The username capture is especially complex, as it involves an unconstrained string of alphanumeric characters. People may pronounce part of it as a word followed by the name of the keyboard characters (e.g., “Jane underscore oh five one”) or spell them (e.g., “J-A-N-E underscore oh five one”) or spell them using some version of the radio alphabet (e.g., “J as in Juliet…” or “J as in John…”). This is obviously a very difficult context to be able to predict with an accurate speech grammar, and recognition is likely to be inaccurate. (See related sections on Voice Spelling and Alphanumeric Input.) While domain names are simpler in that they are much more predictable, recognizing them can be complex because new domains are continually added. If you are designing an email collection, you will need to update your grammar containing the list of pre-existing domains with new domain names as they are created. The more that is known about the email address via backend data, the easier the collection will be. For example, if your email collection is working from a limited set or known list of users, such as a corporate directory, recognition is likely to be improved, because the recognition task will cover a limited set of usernames/domains, so you can create specific grammars based on a data feed. Note that callers may still need help knowing whether they can or cannot use a radio alphabet. Examples within the initial prompt are helpful here, for instance “First I need the user name, which is the part of your email address which comes before the 'at' sign. Spell just the user name, like this: J A N E 1 9 7 5.”

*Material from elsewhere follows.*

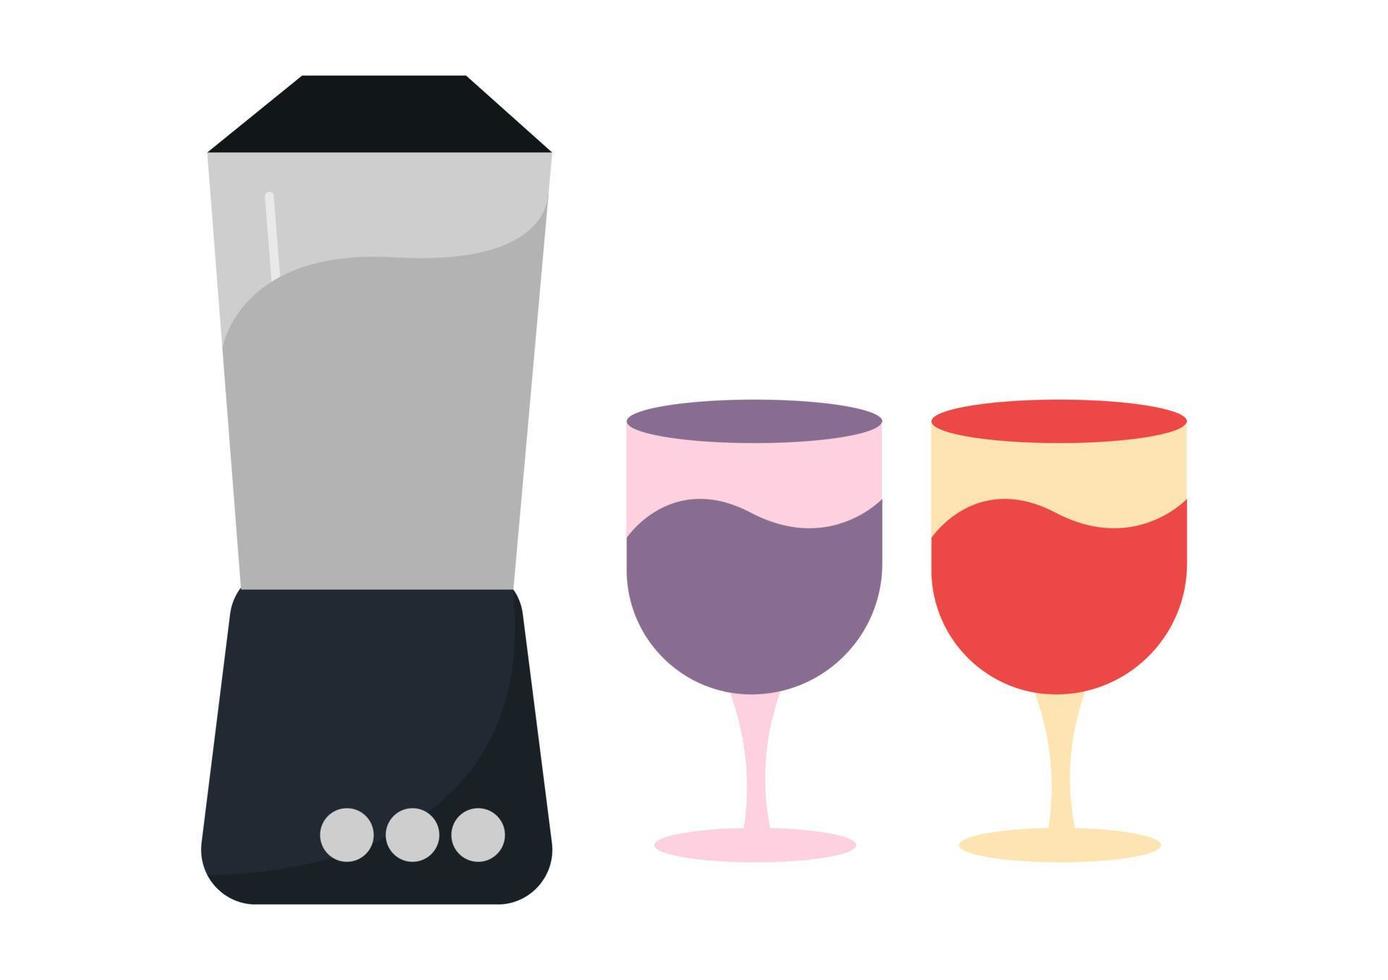 illustration of a blender and two glasses vector

Note that grammars can be constructed such that the caller may say the username and domain in one turn, but this is a much more challenging recognition context and is not recommended for most email capture using automated speech recognition. Grammars can be formulated to allow the caller to say and spell their username, but again, this increases the complexity of the grammar. Regardless of the approach taken, the application will need to provide clear instructions so that callers understand how to provide their username and domain.

When confirming email, it is recommended that common domain names be pre-recorded in advance. Often, text-to-speech is used for domains for which recordings do not exist. Be careful when confirming the username portion of the email address to model the behavior expected of the caller. For example, if your grammar does not recognize the radio alphabet, do not use it when confirming back the username. Also, this is a confirmation context where callers are very likely to attempt one-step correction (e.g., “no, it's five NINE five”). To limit the possibility of responses containing one-step correction, giving explicit instructions to say “yes” or “no” at the end of the confirmation is recommended (e.g., “Did you say “J-A-N-E”? Yes or no?”). Because of the infinite number of email addresses, a grammar designed to recognize an email address is large and complex. The size and complexity of these grammars reduce the performance of the recognizer, which, in turn, may compromise the caller experience. When creating an email collection flow, the designer should include confirmation and consider providing sophisticated back-off strategies.

As of 2015, the newest version of the Nuance email module uses caller responses to self-tune and improve its email grammar.